Nollie looked edgy. “It’s sounds as if we shouldn’t leave our things in the car.”
Willing frowned. “There’s not much out there that’s worth anything.” He didn’t want to immediately pile their luggage into Jarred’s house, as if they were moving in—especially if that’s just what they were doing.
“Maybe not to you.” Nollie scuttled out the door. She returned laboring with a box, and Willing leapt up to take it from her.
Jarred guffawed. “Not the foul matter!”
He didn’t want it to be true, but Willing worried that his great-aunt was starting to lose it. Yes, the elderly had their attachments. But she had dragged those old manuscripts into every hotel room on the road trip here. She’d plunked the box beside her in the booth when they ate at Final Feast. She’d even kept it beside her doing odd jobs in Ely, where she’d also arrived at locals’ houses for dinner, arms wrapped around its failing
cardboard like a toddler clutching a stuffed bunny. Fair enough, the documents were totems of her lost life as a professional author. Yet the ferocity of the clinging was off. Willing and Jarred locked eyes with shared embarrassment.
After breaking out corn chips and salsa, Jarred extended the bottle for refills, and Willing put a hand over his glass. “Since when are you so abstemious?”
“I’m not. I’m sentimental.” Willing unzipped an outer pocket of his belt pack. Delicately, he withdrew a bundle of fabric. He unwound the sock. It was the same knee sock he had once packed with coinage, and used to threaten the red-haired boy into abdicating his fatty ground beef. Willing placed the object inside daintily on the table. “Pour the next shot into that.”
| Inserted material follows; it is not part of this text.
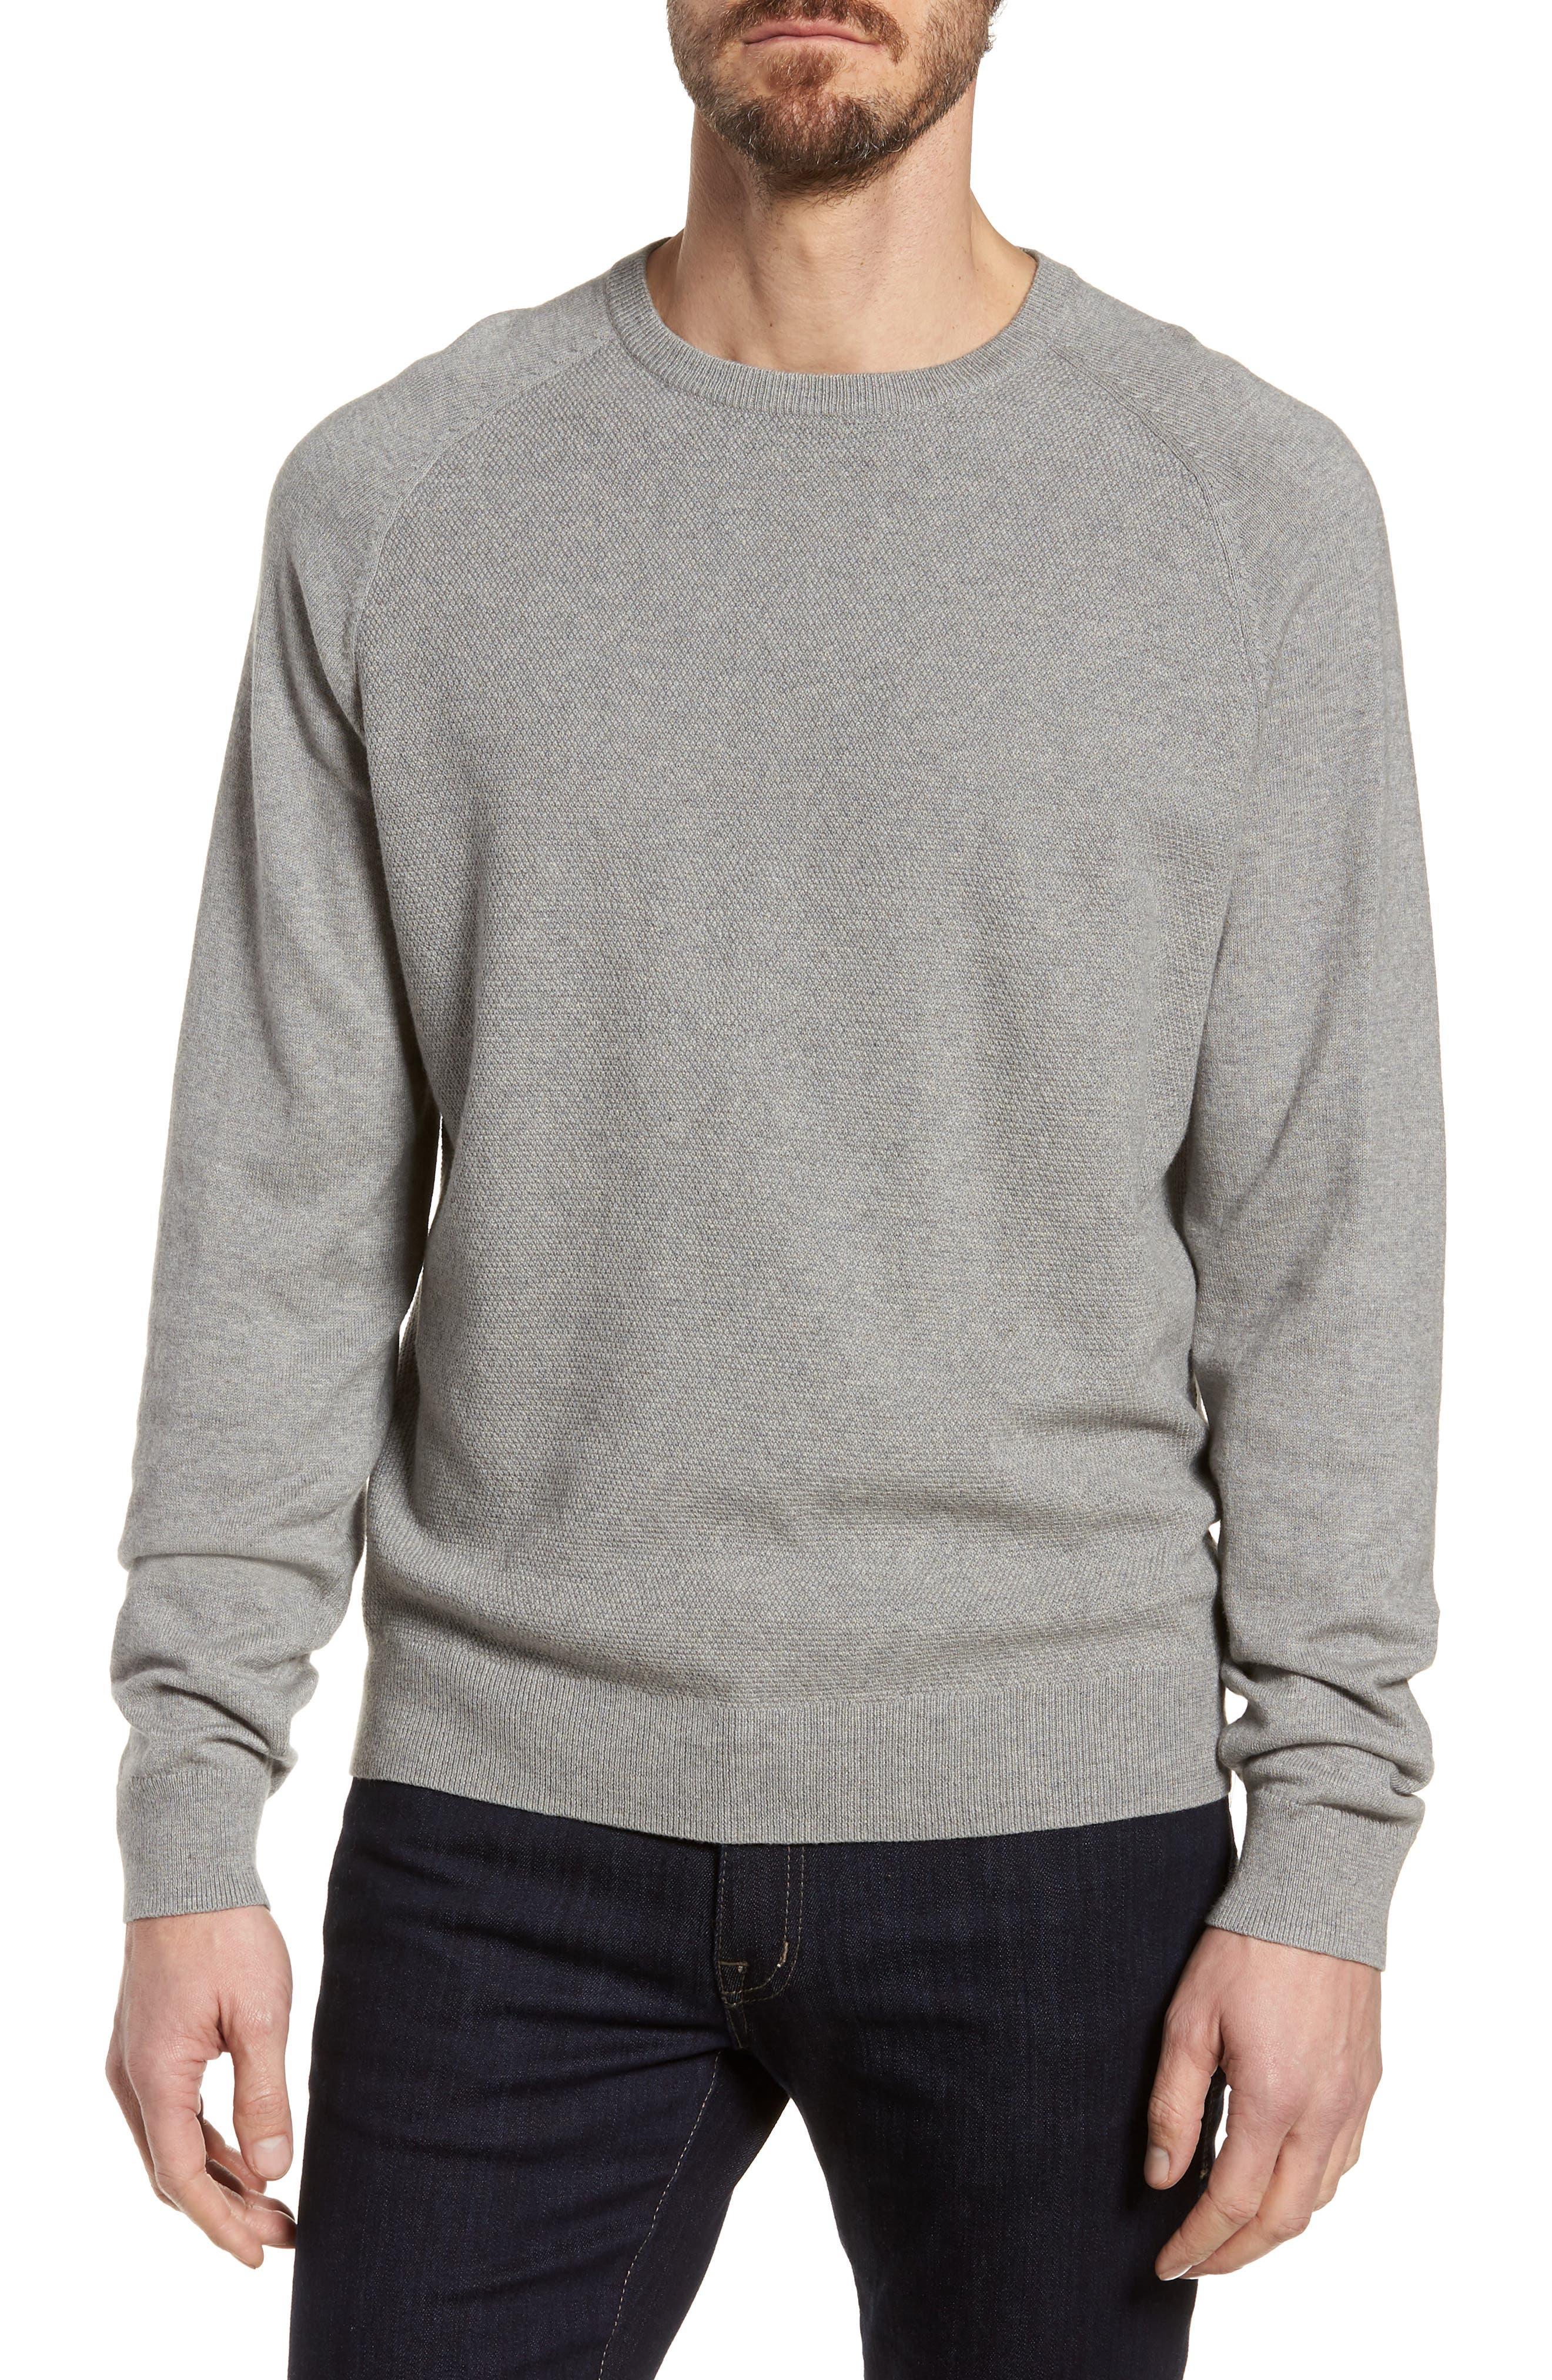 Crewneck Cotton & Cashmere Sweater,                             Main thumbnail 1, color,                             Grey Medium Heather

“Hey, I recognize that!” Jarred exclaimed. “It was my sister’s, God rest her. She had a fucking fetish about those things. Biggin’ unlike her, too. Charming, in fact. Don’t take this wrong, but your mother could be a drear. For her to be infatuated with one pair of thingamabobs that were frivolous, and fancy-schmancy, and preposterous—it was a huge relief.”
Even in the crude glare of the bare bulb, the cobalt stem gleamed like the windows of a cathedral. The tiny cup was warm and loving. “I always meant to give it back to her,” Willing said. “I was keeping it safe. This is all we’ve got left of Bountiful House. It’s our inheritance.”
Jarred poured, and they toasted: “To our inheritance!” Hygiene be damned, Willing insisted that they all have a sip from the goblet, which passed between the three like a Communion cup. The ritual sanctified the evening. It seemed to bind them in a pact of some sort. To do what wasn’t clear.
To crown the festivities, Willing brought out the ridiculous candied kumquats. When you saved symbolic gestures for too long you could miss your opportunity. If they did not eat the goofy fruits now, he might own the pointless jar in perpetuity. He explained its provenance.